I really like the fact the wiper/contact is easily accessible for cleaning. It' amused me because I have been slicing my standard Parma Econo controllers for year just for this purpose. Now there is no need to take the unit apart for that quick clean up.

What I like is the visible numbering system for the knobs. It clearly shows you which way to turn the knobs to increase or decrease the action. Not all controllers have that. I can't count how many times people have asked me "which way is what?" on my PM controllers. No dilema here.

"What is that thing on the cord?" I hear that a lot about controllers. Perfectly honest question because not all enthusiasts out there have used or seen controllers like this. The top part is simply a heatsink module. It does what it's namesake says it does. It keeps things cooler. When the juice starts flowing it helps cool the transistor.

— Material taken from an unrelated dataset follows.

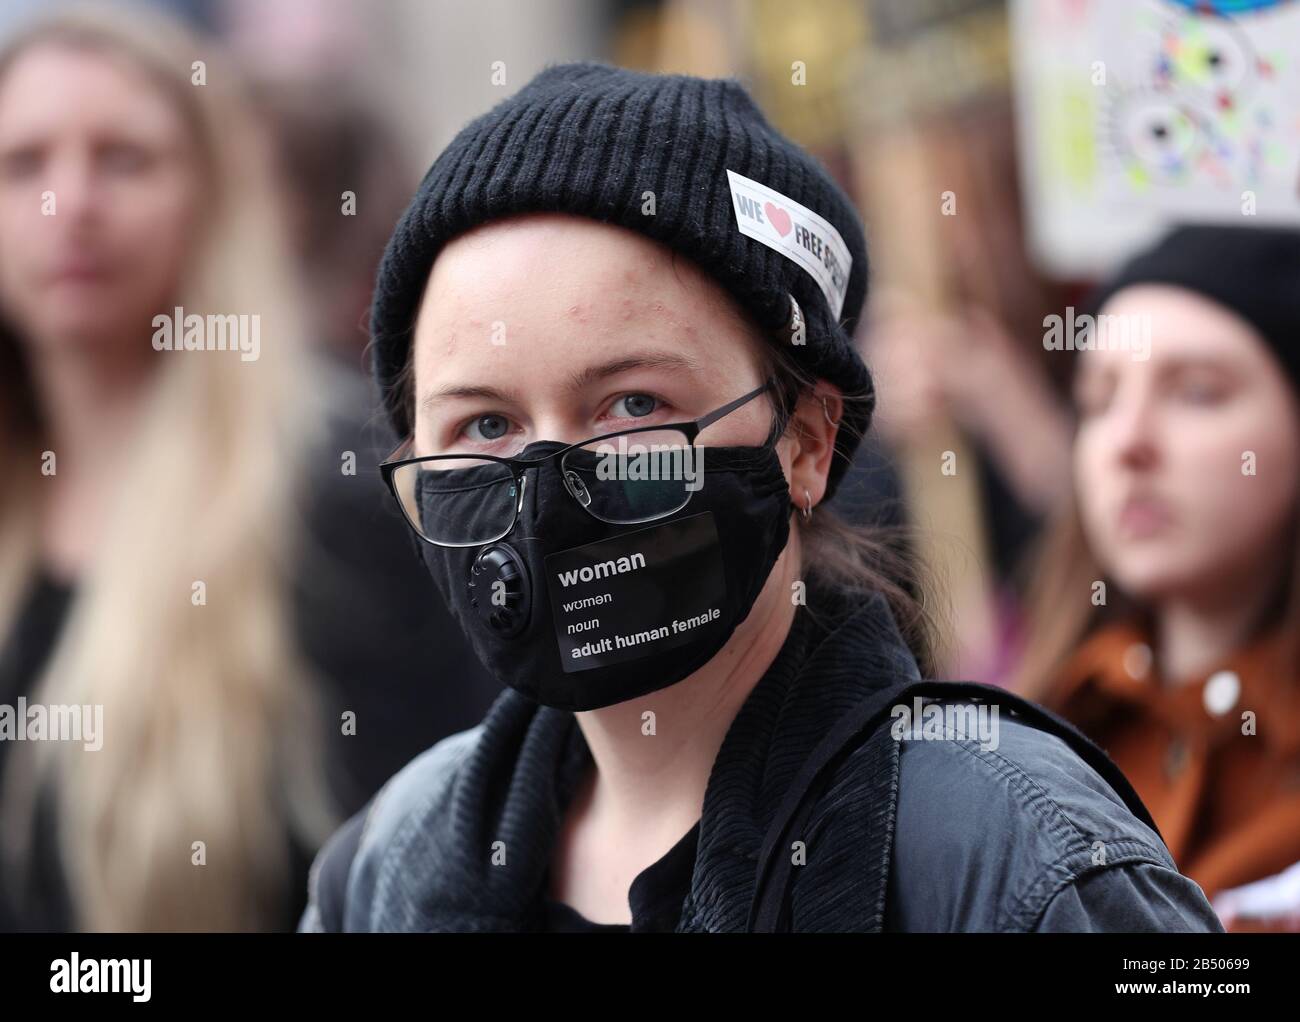 Ein Demonstrant, der während der Millionen Frauen Im März Eine Gesichtsmaske trägt, um ein Ende der männlichen Gewalt gegen Frauen und Mädchen in allen ihren Formen zu fordern, im Zentrum Londons. Stockfoto

There is a diode in place near one end of the heatsink. It is there to protect the transistor located on the underside of the heatsink in the event you hook the controller up the wrong way, or if you hook it to a track that is wired for a different polarity than the controller is set for. It's best to keep this module assembly away from track terminals to avoid damage.

Hook-Up & Polarity

This is a dual polarity controller that comes from the factory wired for positive polarity.
Positve polarity (positive side of  power supply to power terminal) means an ohmmeter shows a + sign when measured between the track's power terminal and the brake terminal. A negative polarity track will show a - symbol when measured this way.

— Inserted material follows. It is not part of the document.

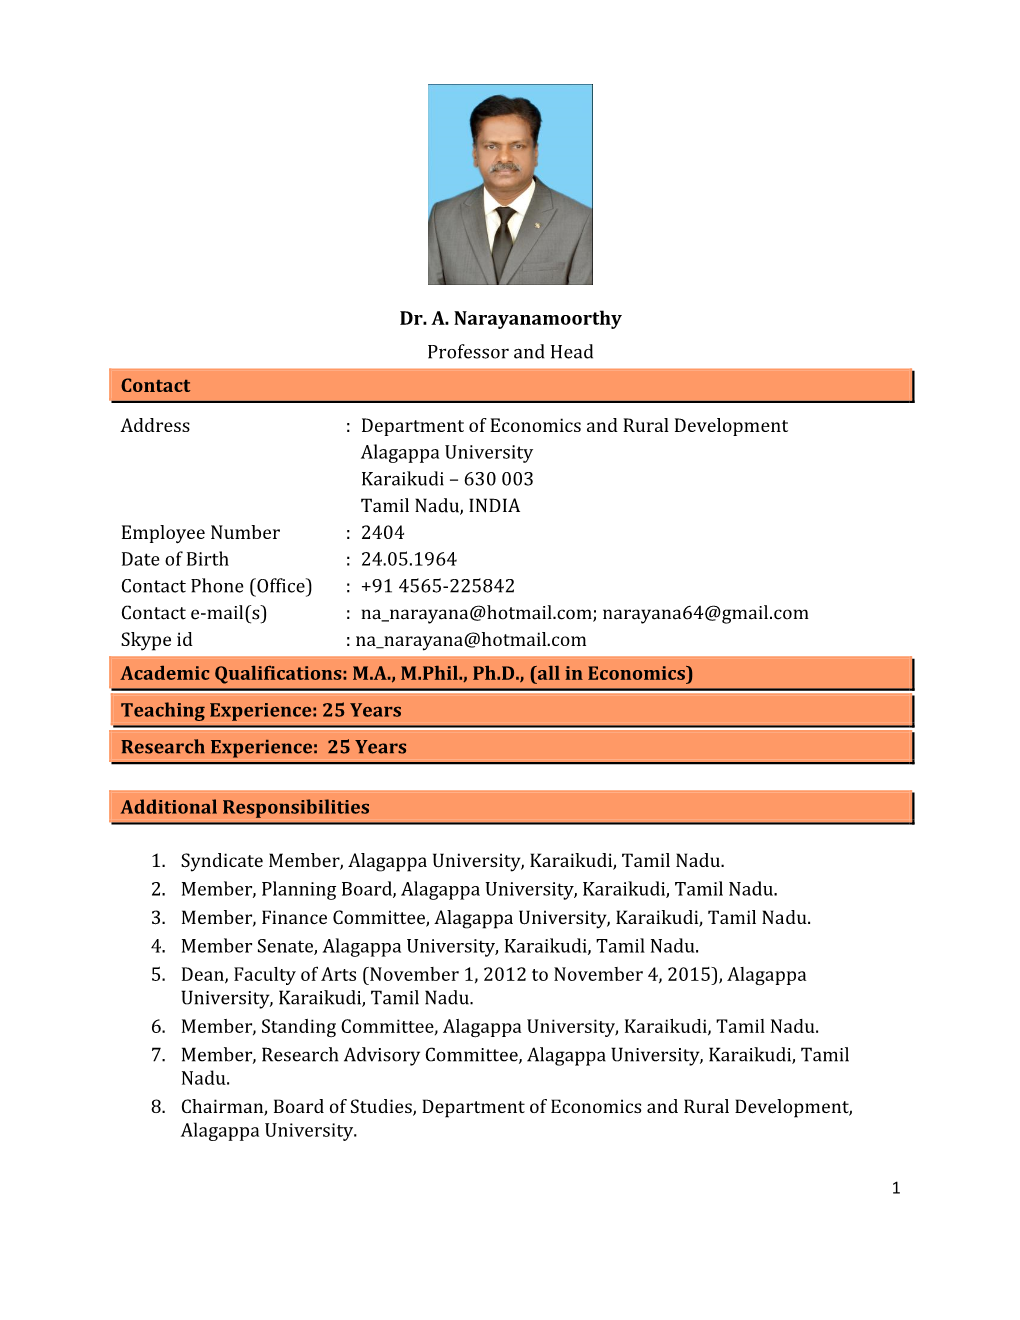 Dr. A. Narayanamoorthy

To check the track for polarity, hook up the black and white clips ONLY of the controller to the lane. Without pulling the trigger, place a car on the track and hold the rear in the air. If the car DOES NOT get power (wheel spin) then you are on the correct positve polarity track. Hook up your red wire and start racing.

To use the controller on a NEGATIVE polarity track, you must swap the the 2 wires at the blue terminal block on the controller. DO NOT just exchange black and white clips at the track terminals.

Our tracks are a standard 3 bolt hook up so I chose the alligator clip style connection.

I tested models that had a wide variety of motors. This controller is designed for the normal "homeset" motors we have primarily in 1/32 and that is all I use. Aside from the occasional old school motors of course. The selection ranged from the 40,000 K H&R Lightining II down to the MT-1 14 K classic motor and just about everything in between.

What can I say? This controller works and works VERY well. The sensitivity control is what I look for most and I could dial down the power to get the trigger action I preferred easily. Braking the same. I could not tell a huge difference on some motors in braking department, but that is due more to the motor itself than the controller. That trigger action is really nice due to the ball bearing.

Final Thoughts
All of this sounds great, but what about the price? As of this writing Slot Car Corner has them for $129.50. That is fair enough for a controller that offers what this one does. I think Difalco has made a great controller for the 1/32nd scale enthusiast. In this price range I would say it's a tough one to beat.